Spielberg et moi, c'est une relation contrastée. Autant Jurassic Park est probablement le film qui m'a le plus influencée (avec L'histoire sans fin et Coeur de dragon), autant ses autres films me laissent un peu sceptique à cause de la trop grande sentimentalité qu'ils véhiculent (sauf Lincoln, qui m'a beaucoup plu du premier coup). Comme, en plus, on ne m'avait dit que du mal de sa Guerre des mondes, je ne m'attendais pas à un chef d'oeuvre...
... Et si le film n'en est effectivement pas un, notamment à cause d'un certain "flottement" généralisé au début, comme si personne ne croyait à son rôle, d'une image de synthèse parfois brouillonne et d'une musique un peu fade, je dois dire que c'est une adaptation réussie et fidèle de La Guerre des mondes de H. G. Wells.

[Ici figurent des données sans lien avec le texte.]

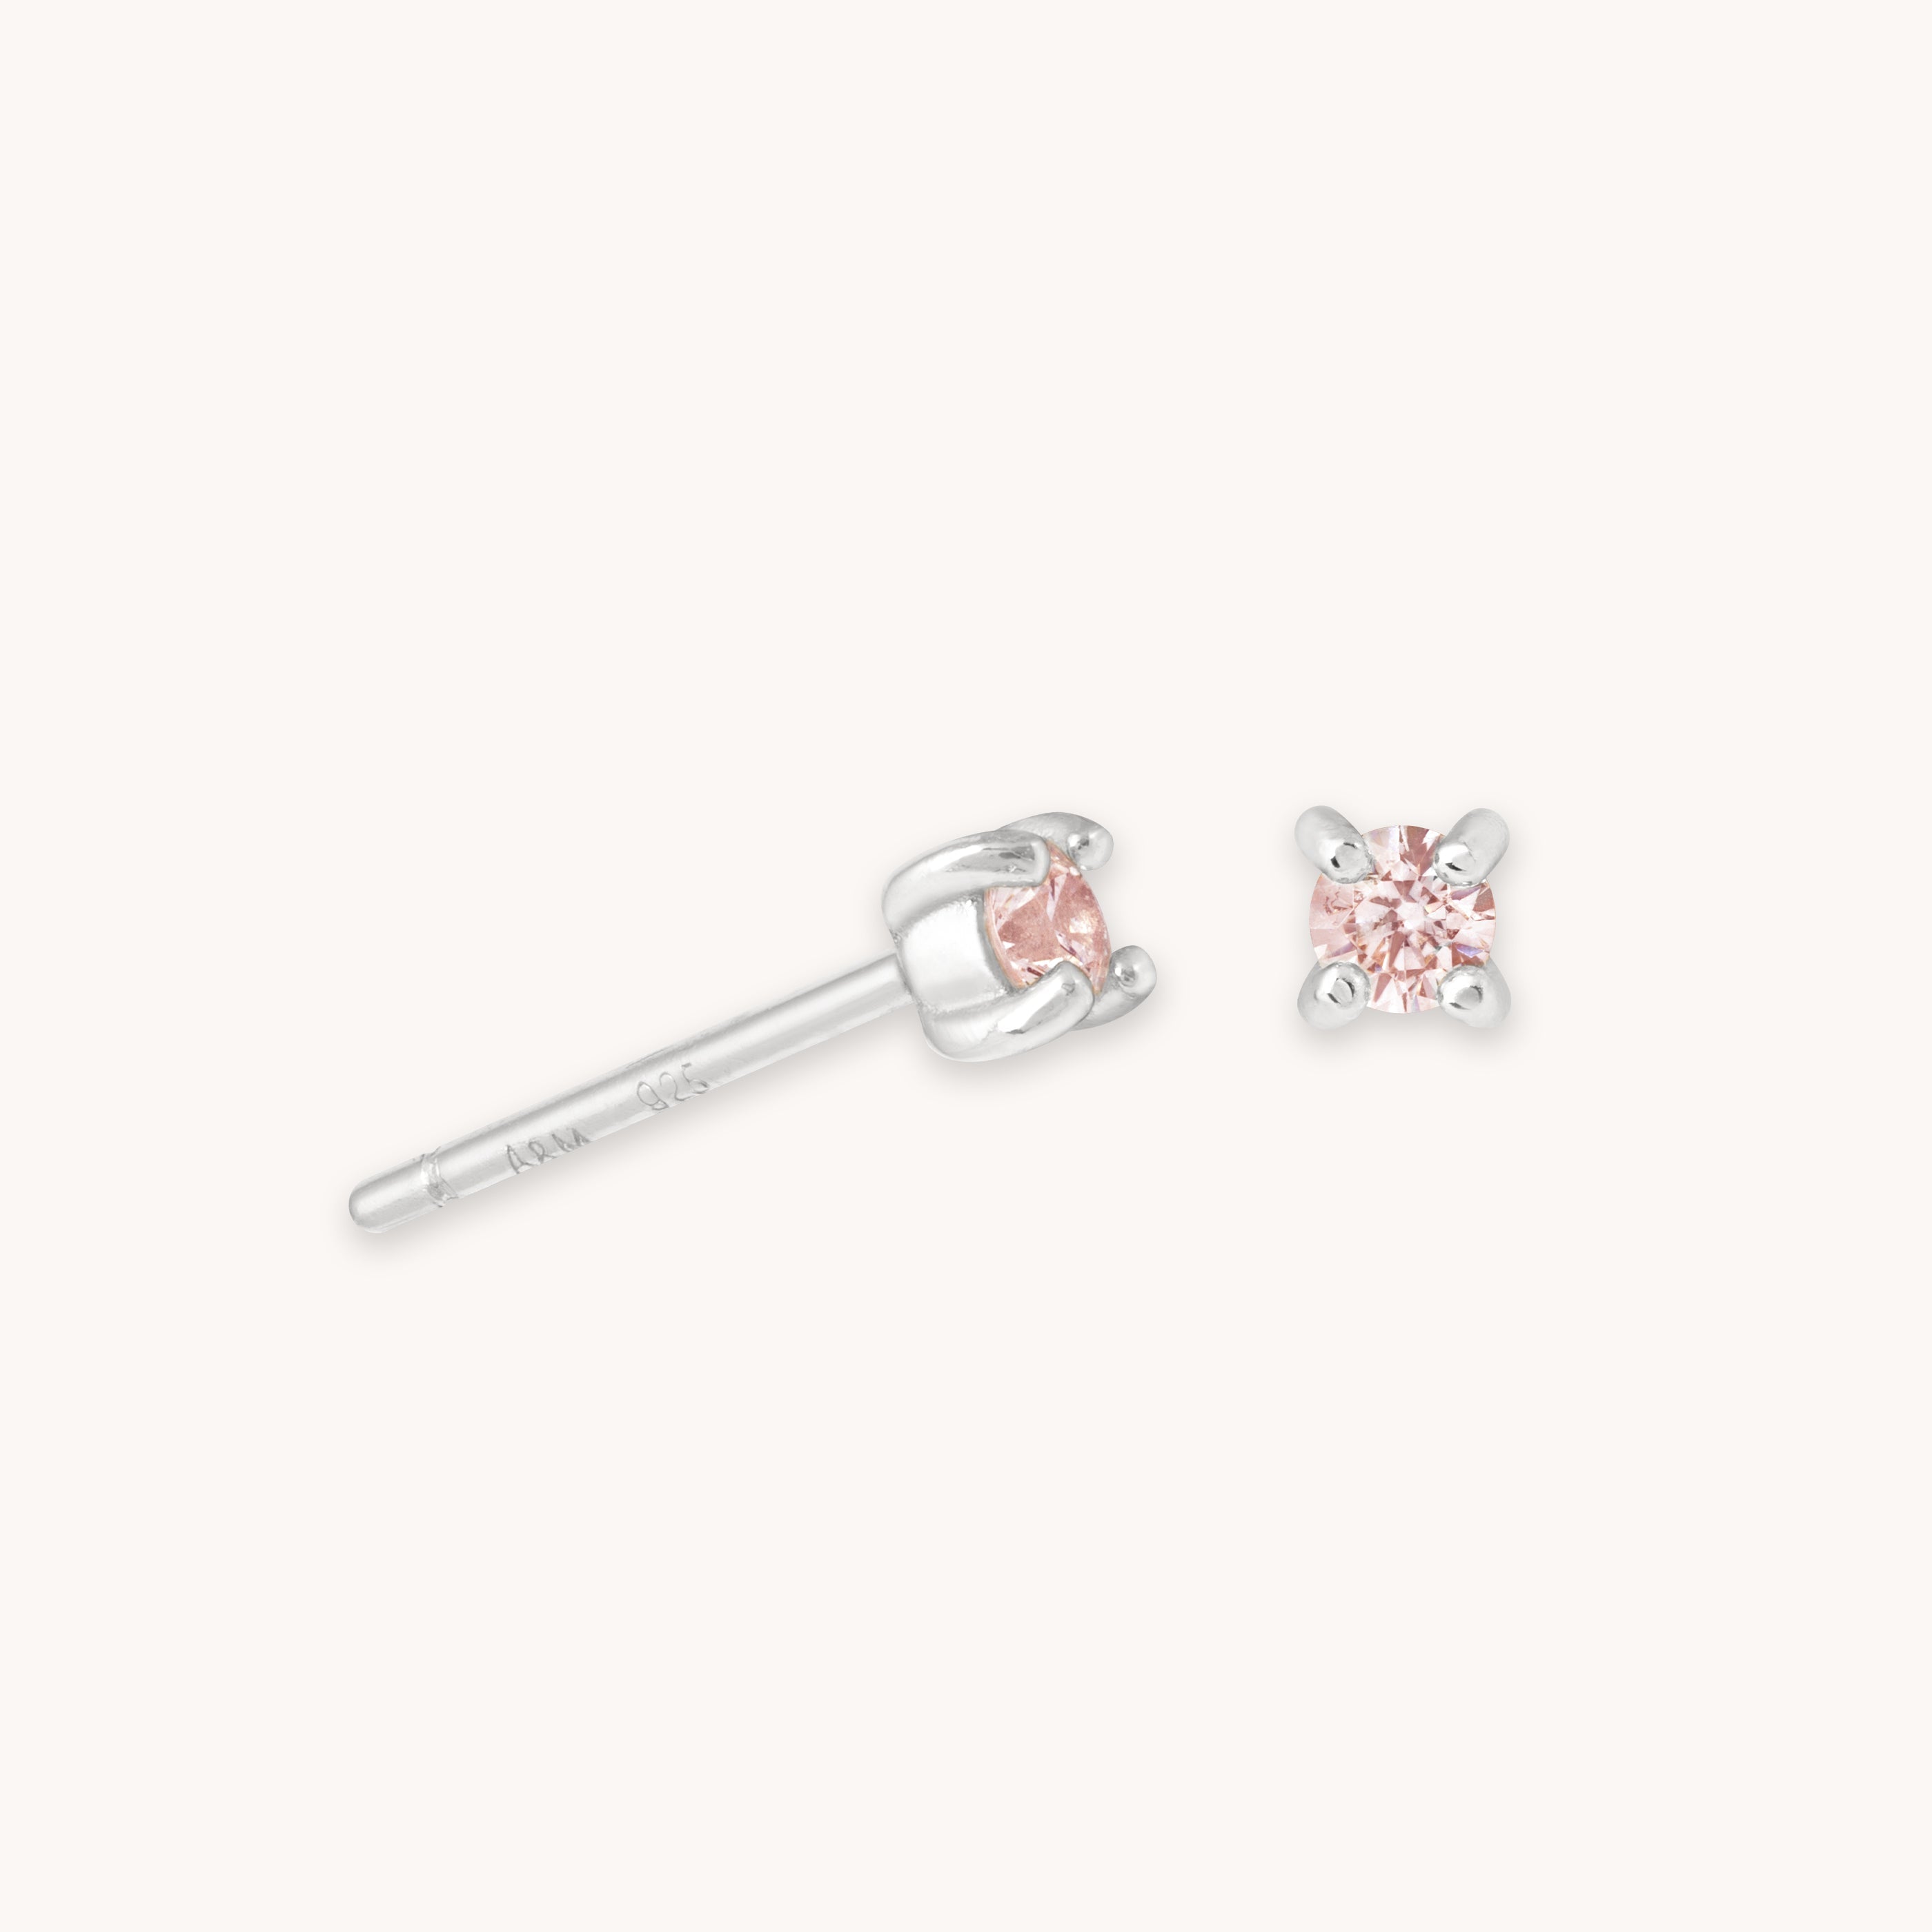 October Birthstone Stud Earrings in Silver with Pink Tourmaline CZ

Ce film est d'ailleurs un bon exemple de combien il est compliqué de juger l'adaptation d'un livre. Je m'explique: le livre se passe à Londres à la fin du XIXème et met en scène un homme seul, tandis que le film se passe aux États-Unis à notre époque et met en scène un homme – Tom Cruise – responsable de la vie de ses deux enfants. On pourrait donc penser que c'est mal parti pour être fidèle à l'original.
Malgré cela, j'estime que cette adaptation est une réussite parce que les éléments et le ton du livre sont là: le passage de la curiosité face aux extra-terrestres à la panique, la fuite, la foule incontrôlable, la peur animale, le raisonnement résistance/peur du mec planqué dans la cave et même la chute toute bête que je craignais de voir disparaître au profit de l'intervention d'un héros balèze venu sauver l'humanité.
Je vous avais dit que le livre m'avait beaucoup marquée à cause de la panique des foules et de la dislocation de l'ordre social. Cet élément est très bien rendu dans le film et j'ai franchement été prise à la gorge pendant les scènes se passant autour du ferry.
Je sais que ce que je vais vous dire n'est pas très vendeur... Mais ce passage m'a furieusement fait penser à Titanic. Je garde une grande tendresse pour ce film malgré ses indéniables défauts, et je trouve notamment que James Cameron a bien mis en scène ce même procédé de dislocation – je dirais même de déglinguement si seulement ce mot existait. D'ailleurs, la progression est à peu près la même dans Titanic et La Guerre des mondes: la première réaction face au désastre est une simple curiosité ou une faible protestation parce que, quand même, ce n'est pas pratique de mettre des fichus gilets de sauvetage; puis viennent la réalisation du danger et la terreur qui l'accompagne; puis fait irruption la panique pure, la lutte irrationnelle pour la survie.
D'autres passages m'ont marquée et m'ont semblé, à leur manière, très durs. Je pense au moment où le personnage de Tom Cruise se nettoie de toute la poussière qui le recouvre (poussière qui ne vient pas seulement des bâtiments détruits, mais aussi des gens tués autour de lui), au moment où il comprend pourquoi les plantes extra-terrestres sont rouges, et surtout au moment où il bande les yeux de sa fille et s'enferme dans la cave avec le mec cité plus haut... Cette scène-ci est, dans les faits, abominable, mais elle est présentée avec une grande pudeur, un peu comme l'entrée dans le camp allemand dans Cheval de guerre. Il y a une grande différence entre montrer la violence physique et transmettre l'idée de la violence et je crois que Spielberg sait très bien faire les deux.
Enfin, la performance de Dakota Fanning, qui avait dix ou onze ans au moment du tournage, est vraiment très marquante. Dommage qu'une actrice aussi prometteuse ait ensuite atterri dans cette daube intergalactique qu'est Twilight!
Tom Cruise ne joue pas forcément son meilleur rôle, mais c'est agréable de le voir dépassé par les événements et ne pas être un surhomme mais juste un gars normal. Je suis de toute manière très friande de cet acteur, donc je ne suis peut-être pas hyper objective.
Au final, cette Guerre des mondes n'a pas été un coup de cœur incontrôlable, mais je lui ai trouvé beaucoup de bons côtés et je pense que c'est un film de SF tout à fait valable, dans la mesure où il a avant tout pour objectif de faire réfléchir le spectateur et de le sortir de son petit confort. (Il me semble que la SF ne se résume pas purement à la présence d'extra-terrestres et de gadgets futuristes, mais nécessite aussi une certaine réflexion sur ce que nous sommes et où nous allons.) Je me serais bien passée des éléments critiqués en début de billet et des passages sentimentaux typiquement spielbergiens... On ne bat quand même pas le record de niaiserie de la fin de Cheval de guerre, mais on sent qu'il avait envie d'en approcher, lol.